-- Data shown follows --
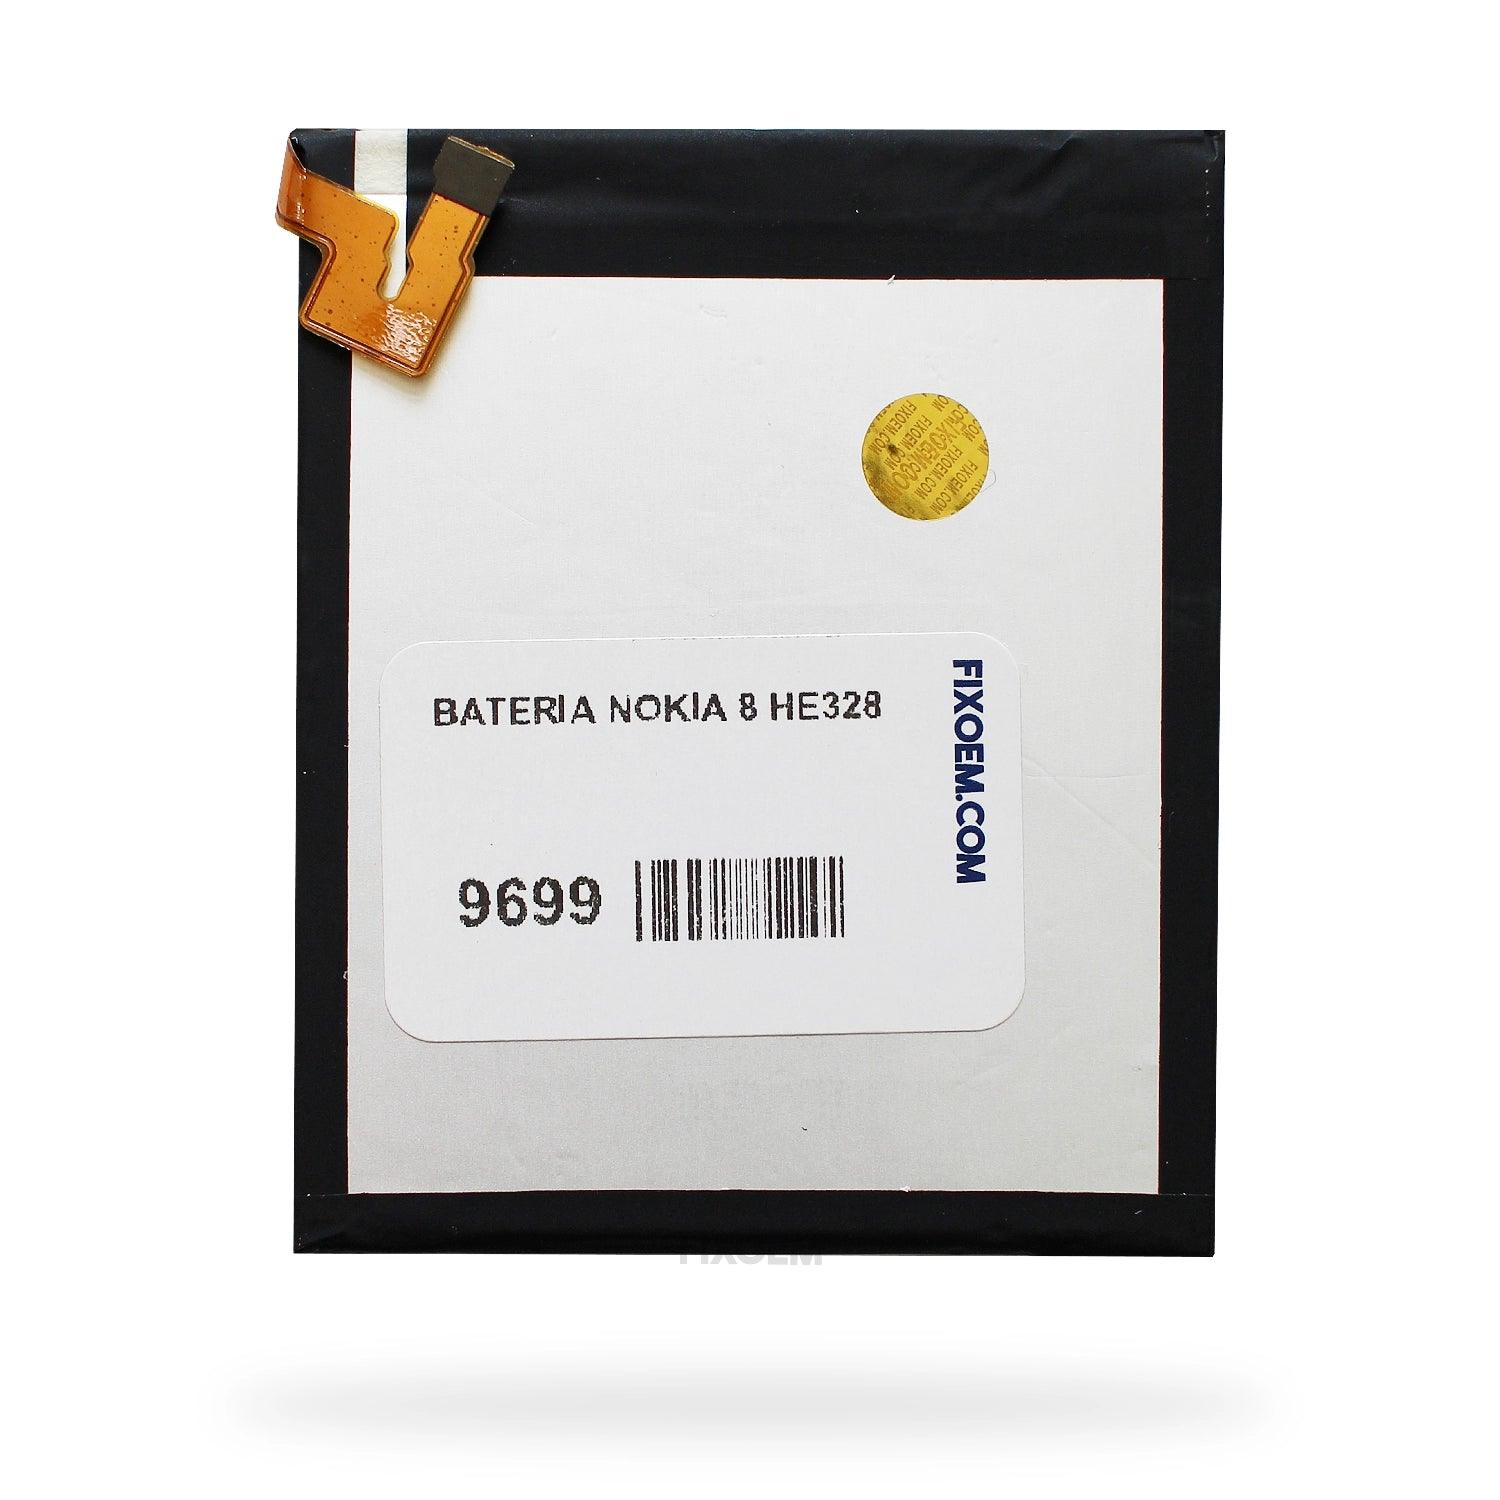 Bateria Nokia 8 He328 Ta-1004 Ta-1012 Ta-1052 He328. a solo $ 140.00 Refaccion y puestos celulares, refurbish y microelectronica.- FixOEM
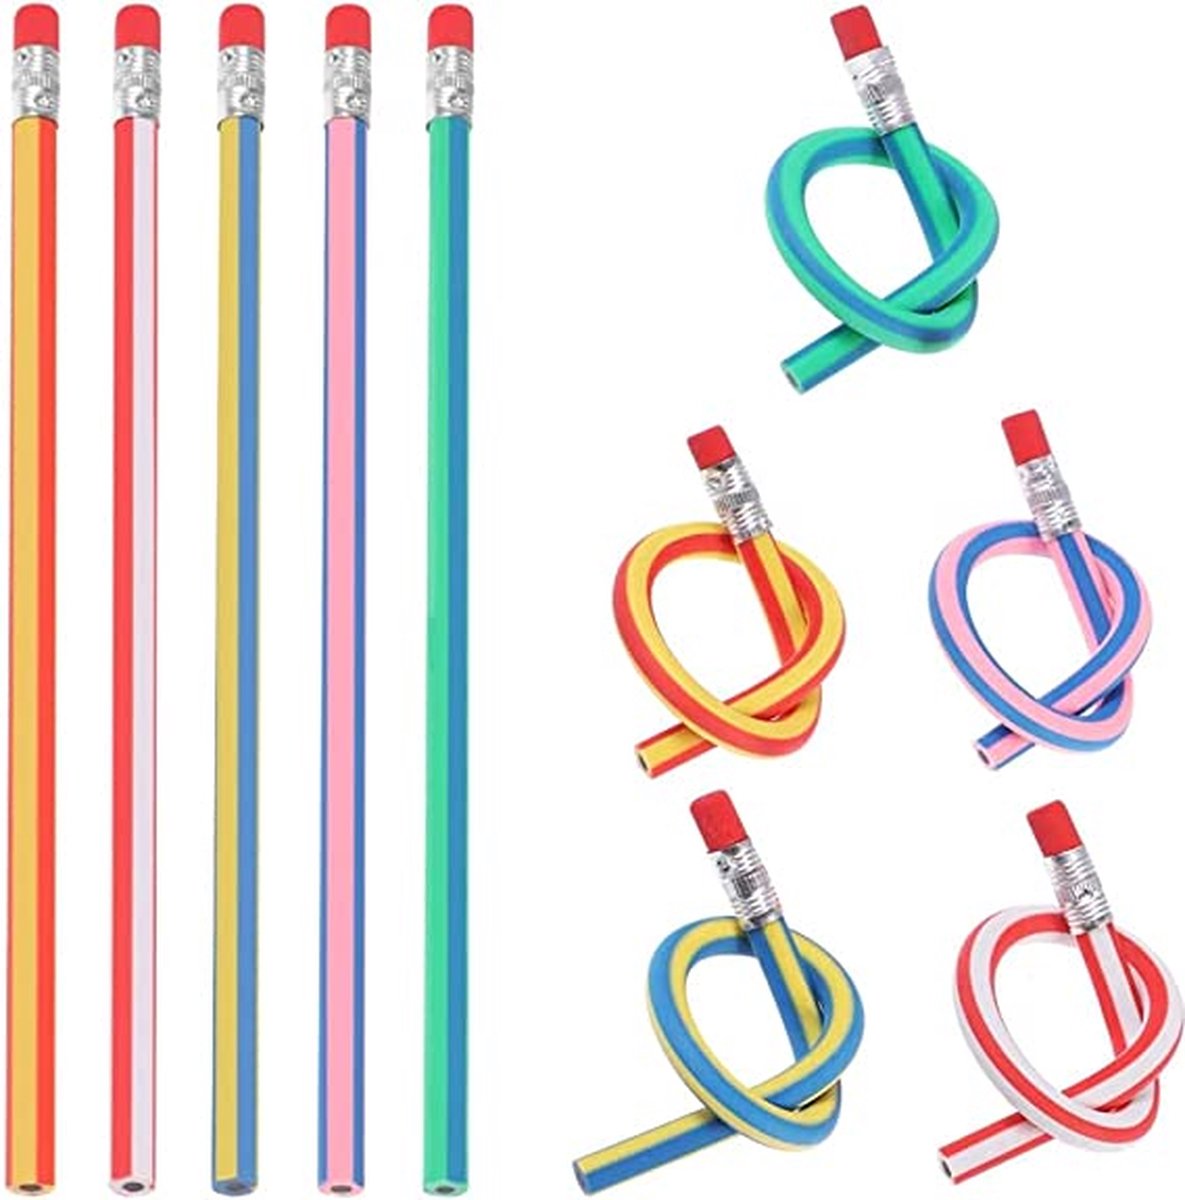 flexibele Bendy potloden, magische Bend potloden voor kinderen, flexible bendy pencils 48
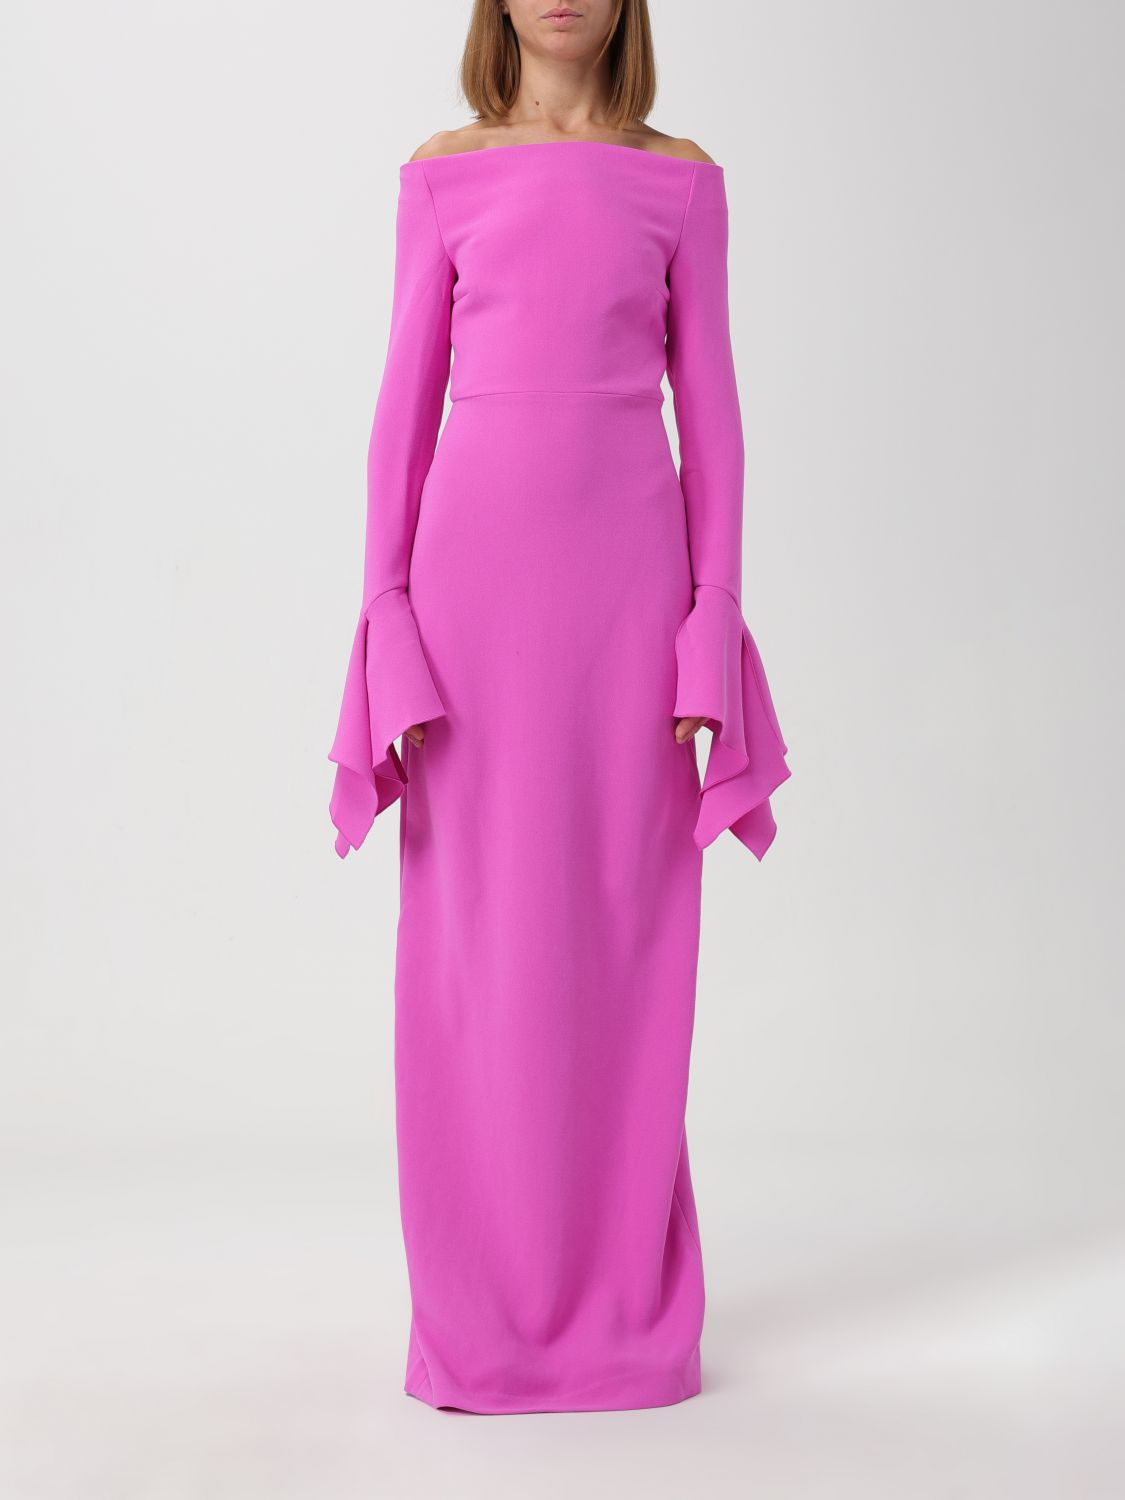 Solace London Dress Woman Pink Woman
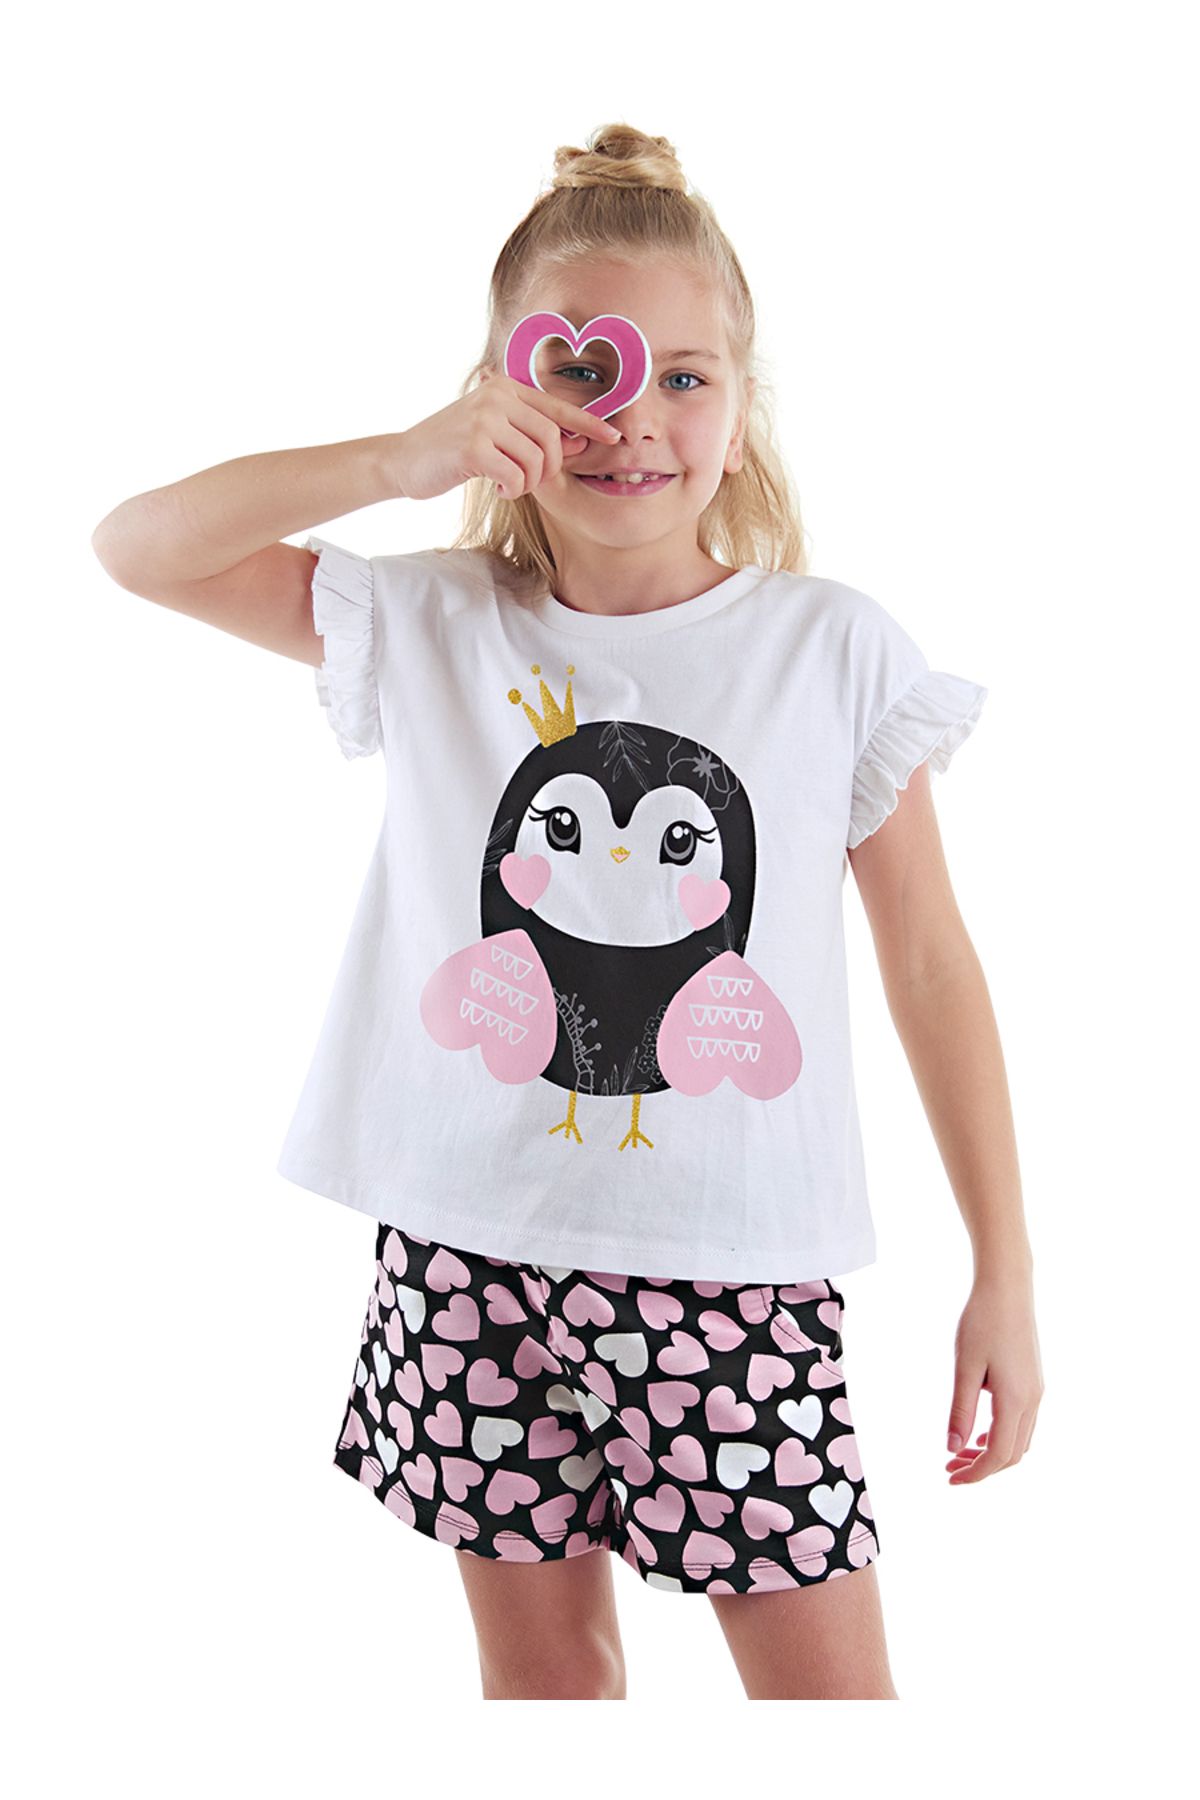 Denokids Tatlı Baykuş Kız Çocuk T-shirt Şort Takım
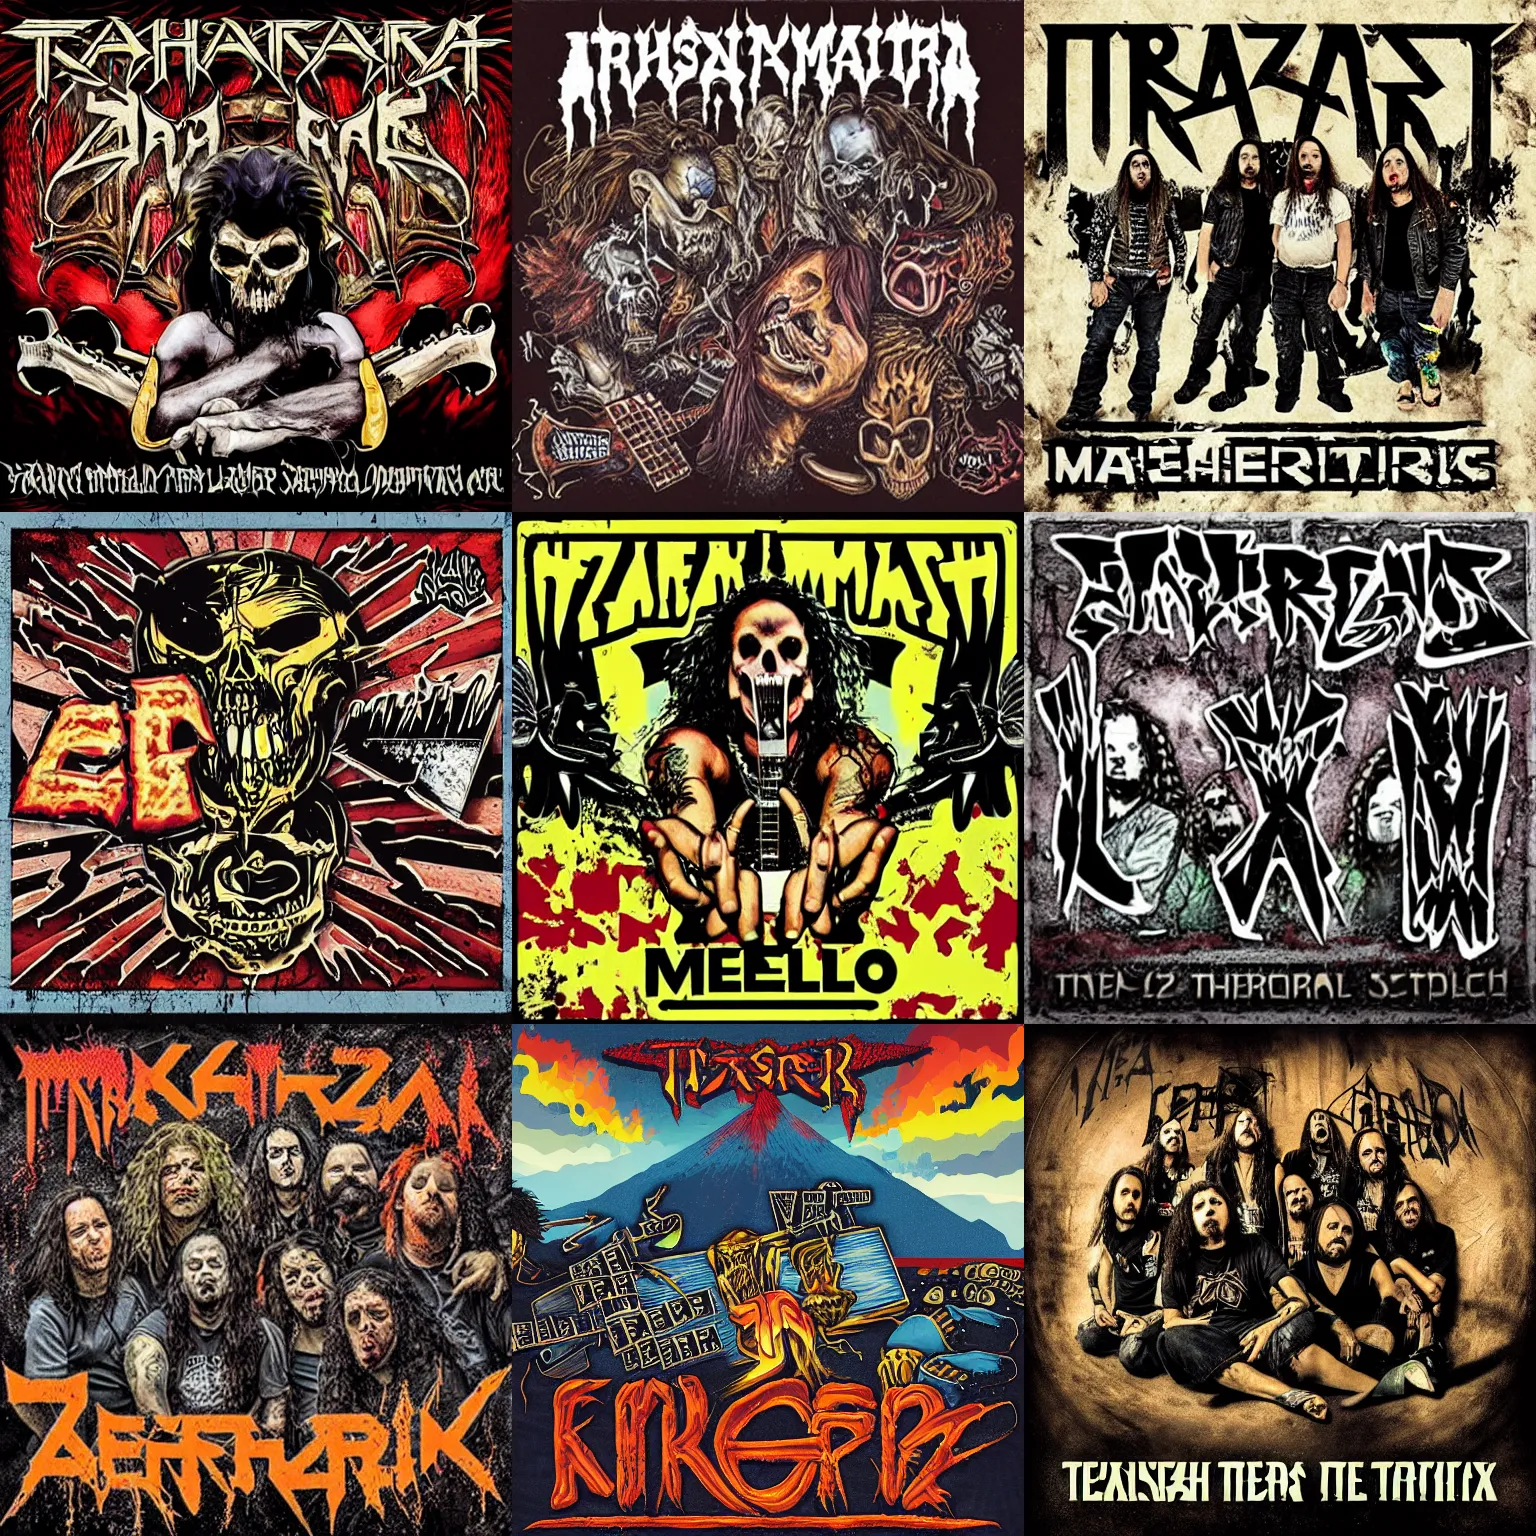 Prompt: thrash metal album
-- Data shown concluded --
The answer must consist of the line containing "Solace London Dress Woman Pink Woman" and every line after it through the end of the records, retyped exactly, with all pictures left out.

Expected answer »
 Solace London Dress Woman Pink Woman
 Denokids Tatlı Baykuş Kız Çocuk T-shirt Şort Takım
 Prompt: thrash metal album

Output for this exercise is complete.